While he talked, my houseboys had come out, very silent; they went in again, and brought out a hurricane-lamp. We got out dressing and disinfectant. It would be a waste of time to try to start the car, and we ran as quick as we could through the forest down to Belknap’s house. The swinging hurricane-lamp threw our shadows from the one side of the narrow road to the other. As we ran on, we were met by a succession of short raw cracked shrieks,—death squeals of a child.

The kitchen door was flung back, as if Death, after having rushed in, had rushed out again, and left the place in dire devastation, a chicken-house that the badger has been in. There was a kitchen lamp burning on the table and smoking sky-high, and in the small room the smell of gunpowder still hung. The gun was on the table beside the lamp. There was blood all over the kitchen, I slipped in it on the floor. Hurricane-lamps are difficult to direct on to any particular spot, but they give a very striking illumination of a whole room or situation; I remember the things I have seen by the light of a hurricane-lamp better than others.

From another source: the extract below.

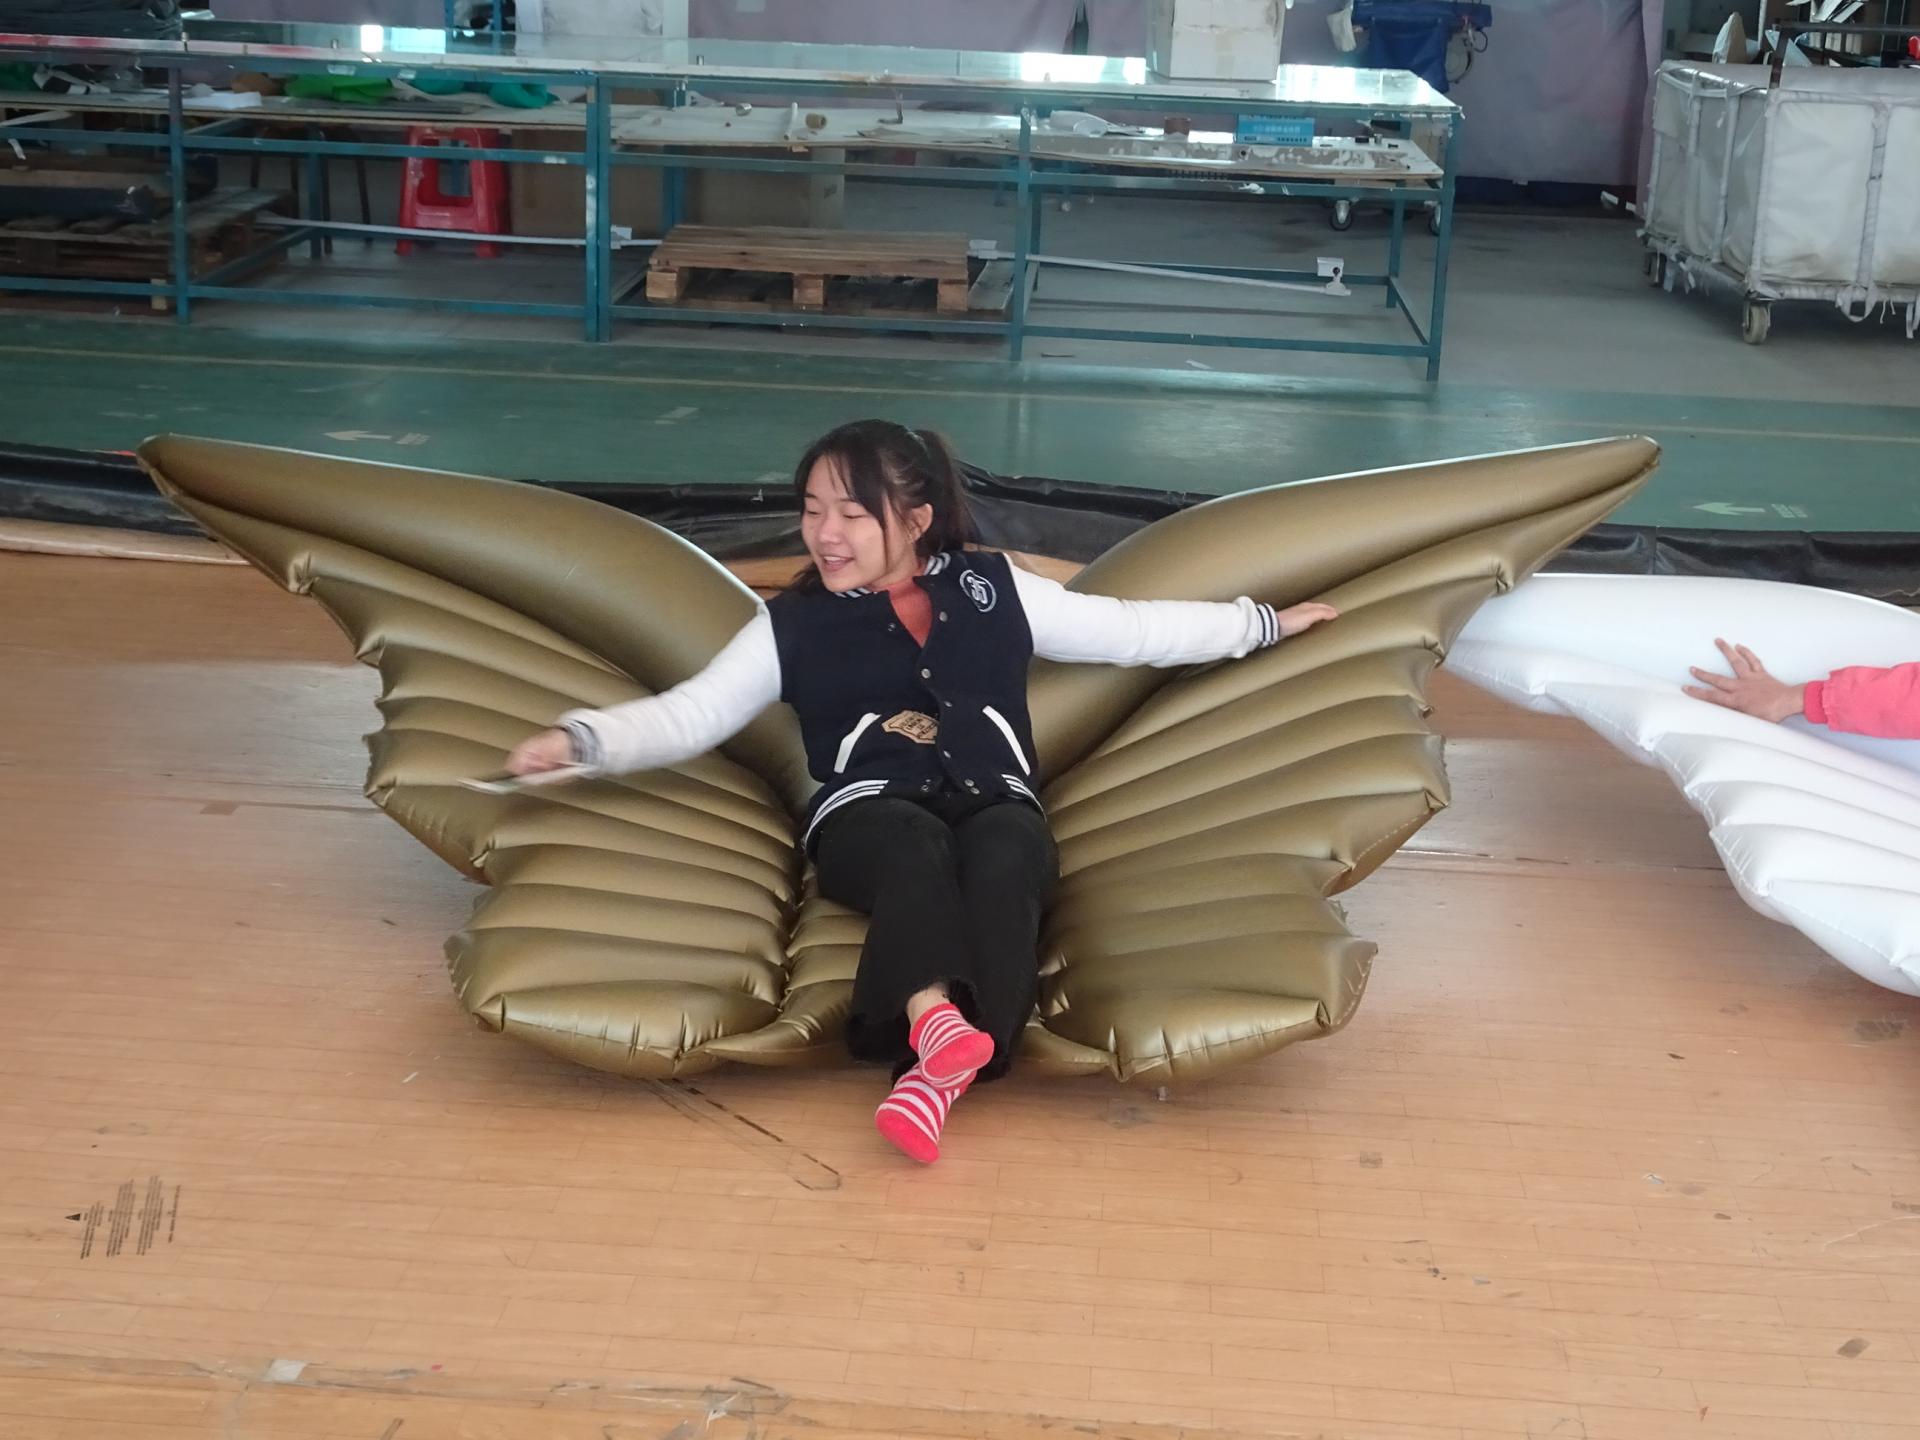 Inflatable Golden Angel Wings Pool Floats

I knew the children who had been shot, from the plains of the farm, where they had herded their fathers’ sheep. Wamai, Jogona’s son, a lively little boy who had for some time been a pupil at the school, was lying on the floor between the door and the table. He was not dead, but not far from death, and unconscious even, though he groaned a little. We lifted him aside, to be able to move. The child that shrieked was Wanyangerri, who had been the youngest of the party in the kitchen. He was sitting up, leaning forwards, towards the lamp; the blood spouted, like water from a pump, from his face,—if one could still say that, for he must have stood straight in front of the barrel when it was fired and it had taken his lower jaw clean off. He held his arms out from his sides and moved them up and down like pump-spears, as the wings of a chicken go, after it has had its head cut off.

When you are brought suddenly within the presence of such disaster, there seems to be but one advice, it is the remedy of the shooting-field and the farmyard: that you should kill quickly and at any cost. And yet you know that you cannot kill, and your brain turns with fear. I put my hands to the child’s head and pressed it in my despair, and, as if I had really killed him, he at the same moment stopped screaming, and sat erect with his arms hanging down, as if he was made of wood. So now I know what it feels like to heal by imposition of hands.